Um levantamento recente do IBGE revela um cenário preocupante em Campinas: 51,3% das mulheres com deficiência, com 25 anos ou mais, não completaram o ensino fundamental ou não possuem nenhuma instrução formal.

👉 O grupo representa 17.454 mulheres, de um total de 34.018.


📉 DESIGUALDADE EDUCACIONAL ESCANCARADA

Os dados fazem parte do Censo 2022, reunidos na plataforma “Mulheres no Censo 2022”, lançada em 2026 com o objetivo de subsidiar políticas públicas.

📌 Distribuição educacional em Campinas:

  • 51,3% — fundamental incompleto ou sem instrução
  • 12,9% — ensino médio incompleto
  • 22,8% — ensino médio completo ou superior incompleto
  • 12,8% — ensino superior completo

👉 Entre os homens com deficiência, o índice de baixa escolaridade também é alto (48,7%), mas ainda inferior ao das mulheres.

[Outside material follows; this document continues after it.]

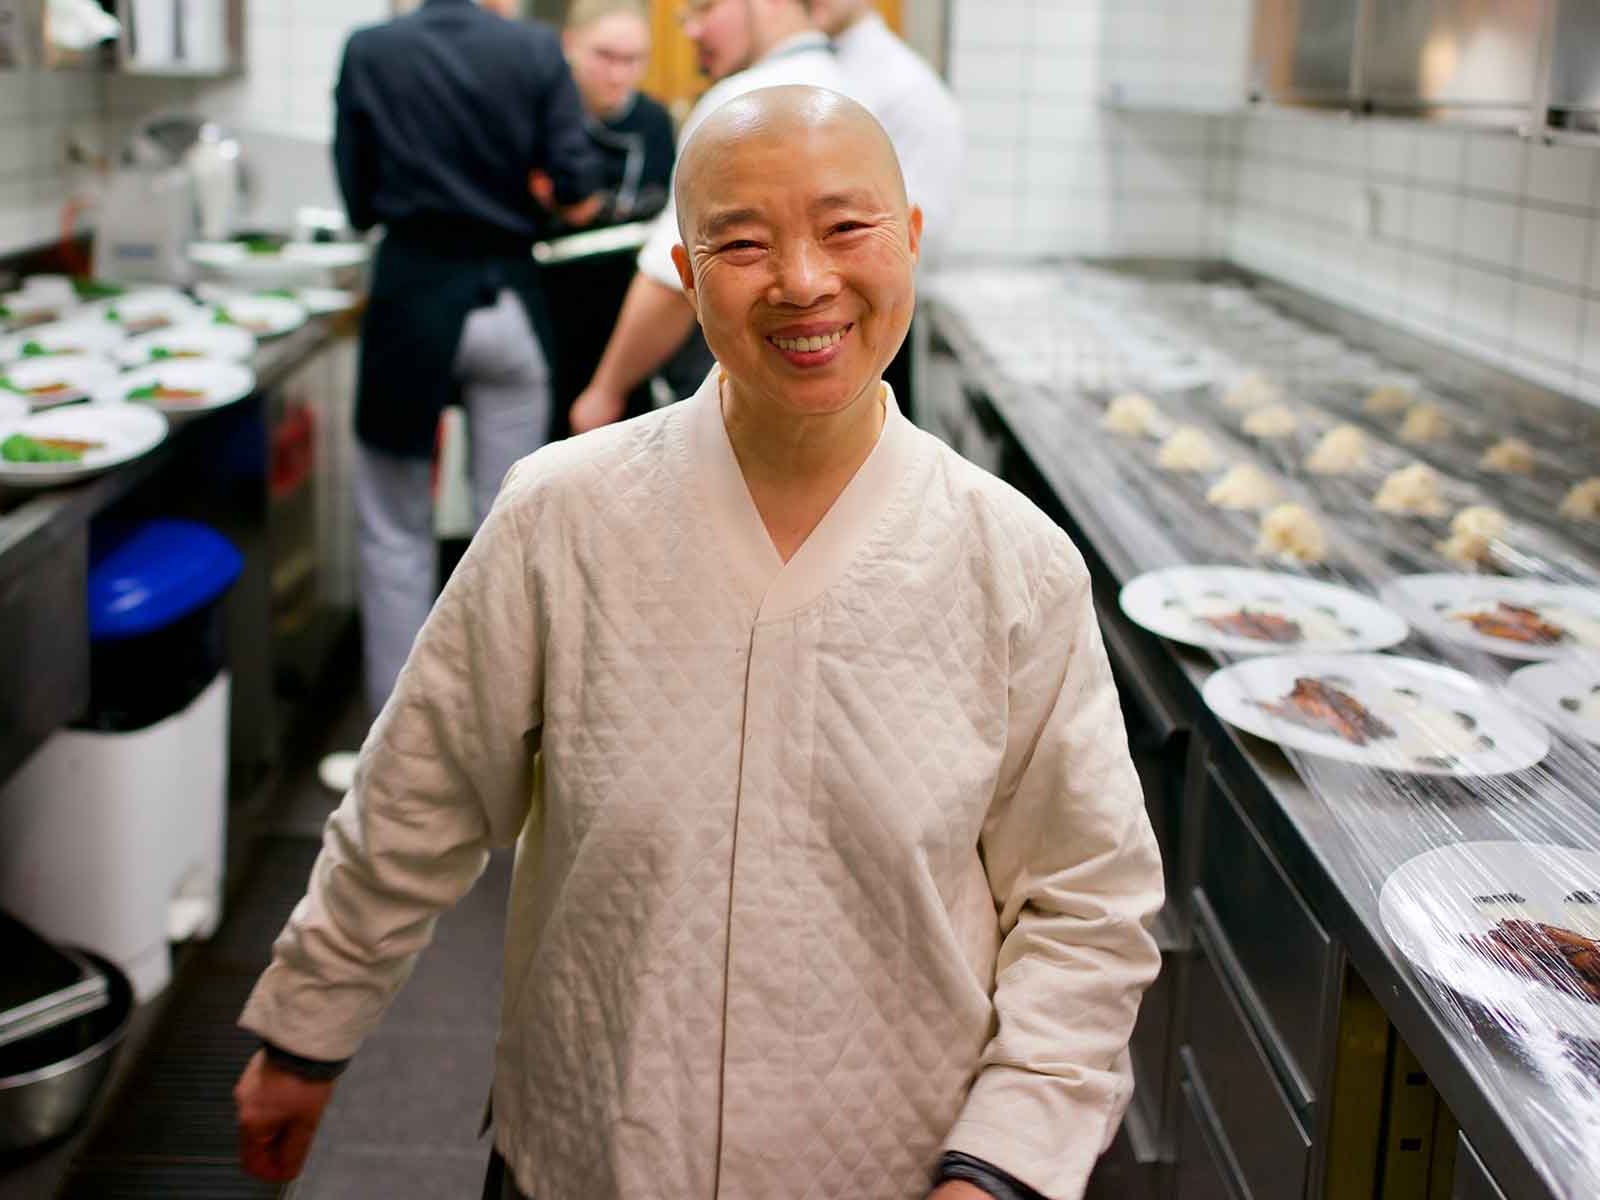 Jeong Kwan in der Küche des Basler «Teufelhofs»

⚠️ DUPLA VULNERABILIDADE: CAPACITISMO E MACHISMO

Para a pedagoga Gisele Pacheco, o número é “assustador” e revela uma realidade marcada por dois fatores principais:

📌 Capacitismo: preconceito contra pessoas com deficiência
📌 Machismo: desigualdade de gênero que limita oportunidades

🗣️ Segundo ela:
“As mulheres já são vistas como mais vulneráveis. Quando têm deficiência, essa vulnerabilidade aumenta ainda mais.”

👉 Muitas famílias ainda tratam essas mulheres com superproteção, limitando sua autonomia e acesso à educação.


🧠 O PESO DO PAPEL SOCIAL IMPOSTO

A pesquisadora Glaucia Marcondes, do Unicamp, destaca outro fator crítico:

📌 O chamado “tabu da domesticidade feminina”

👉 Trata-se da ideia histórica de que a mulher deve permanecer no ambiente doméstico, cuidando da casa e da família.

💬 “Mesmo quando meninos e meninas têm deficiência, as meninas são vistas como mais frágeis e expostas, o que limita ainda mais suas oportunidades”, explica.


🏫 GERAÇÕES MARCADAS PELA FALTA DE INCLUSÃO

Grande parte dessas mulheres tem mais de 35 anos — período em que o Brasil ainda não possuía políticas educacionais inclusivas efetivas.

📌 Problemas históricos incluem:

  • Falta de vagas em escolas inclusivas
  • Instituições especializadas insuficientes
  • Baixa acessibilidade

👉 A inclusão educacional só começou a avançar nas últimas duas décadas.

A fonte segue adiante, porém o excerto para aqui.